The Moral Of This Story Is...
This poor soul, after having been told from an early age that he/she possesses the kind of special intelligence that only a fraction-of-a-percent of other people have, was unsettled. He or she didn't feel particularly special:
Thinking back to those days is pretty amusing because I wasn't that great at most of the things I was being recognized for, but it turns out that being good plus  being a good test-taker plus being confident can take you pretty far in the academic world.
So what is such a person to conclude, other than that he or she was born with an "innate" sense of intelligence that put him/her asunder? Defined as gifted and special, but without any real feeling of having earned anything unique or exceptional, the author learned to feel over-confident in whatever brought him/her social recognition while eschewing (quitting) anything that proved to be a real challenge.
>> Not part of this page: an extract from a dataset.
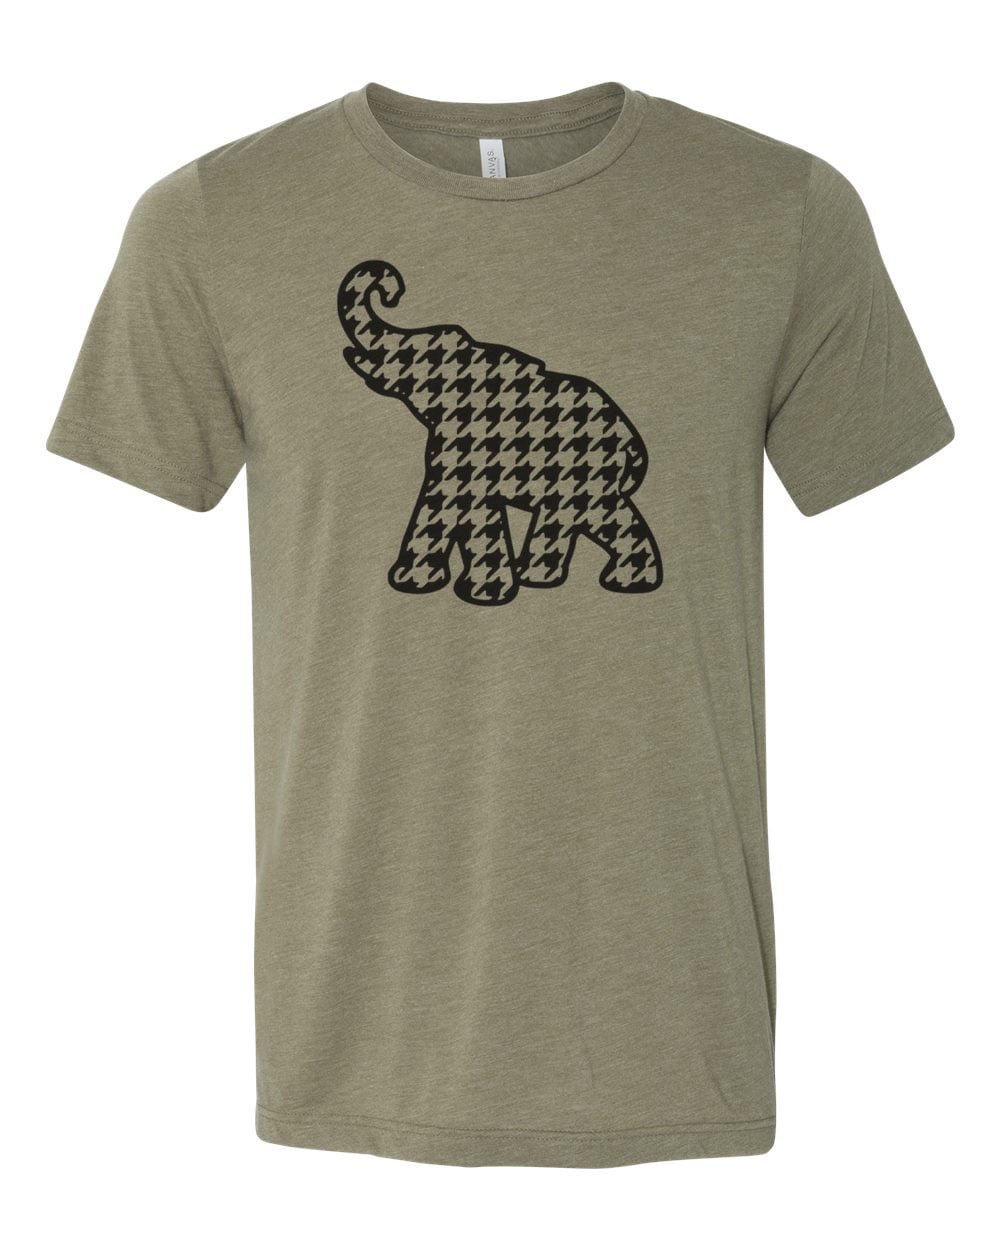 Boy's ALABAMA Short set;  Boy's Alabama gameday short set; Boy's shirt with elephants;

Other than being a bit of a jackass, what was the author's main fault? I'd argue that it was the belief that intelligence is an innate gift you're born with, rather than understanding that anyone can solve a math problem if they learn to think logically; anyone can achieve career success if they work hard and apply themselves correctly; and anyone can feel special if an ivory tower authority gives them the label of being in the 99th percentile.

1 comment:

  1. You've done it again! Great article and assessment. I think all the time about what our entitlement culture is producing.

    Thanks again for another great read.